- Born: 1967 (age 58–59) Yiyang, Hunan, China
- Education: Nanjing University of Science and Technology
- Occupation: Entrepreneur
- Years active: 1993–present
- Agent: Huawei Technologies Co., Ltd.

Chinese name
- Traditional Chinese: 徐直軍
- Simplified Chinese: 徐直军

Standard Mandarin
- Hanyu Pinyin: Xú Zhíjūn

= Xu Zhijun =

Chinese entrepreneur (born 1967)

Xu Zhijun (徐直军; born 1967) is a Chinese entrepreneur currently serving as deputy chairman and rotating chairman of the Huawei Technologies Co., Ltd.

==Biography==
Xu was born in 1967 in Yiyang, Hunan.

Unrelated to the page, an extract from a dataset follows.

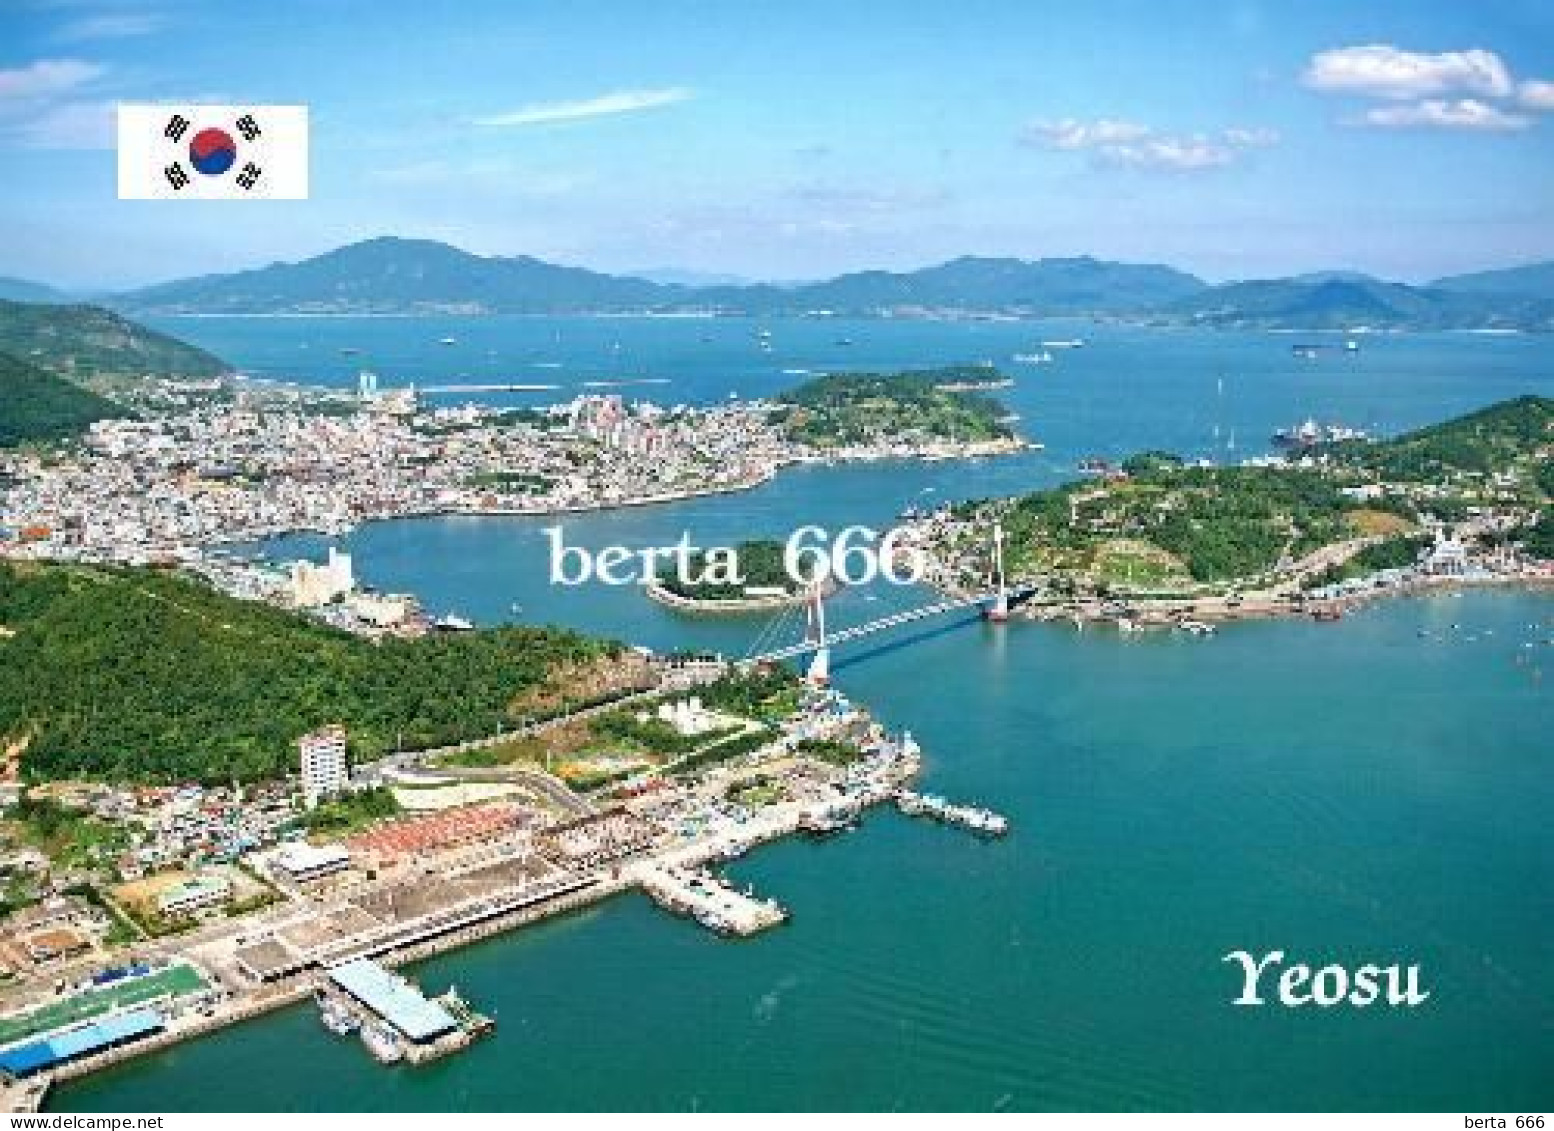 South Korea Yeosu Aerial View New Postcard - Korea (Süd)

He graduated from Nanjing University of Science and Technology. Xu joined the Huawei Technologies Co., Ltd. in 1993, he served in several posts, including president of its Wireless Products, president of its Strategy and Marketing, president of its Products and Solutions, and director of its Product Investment Review Committee.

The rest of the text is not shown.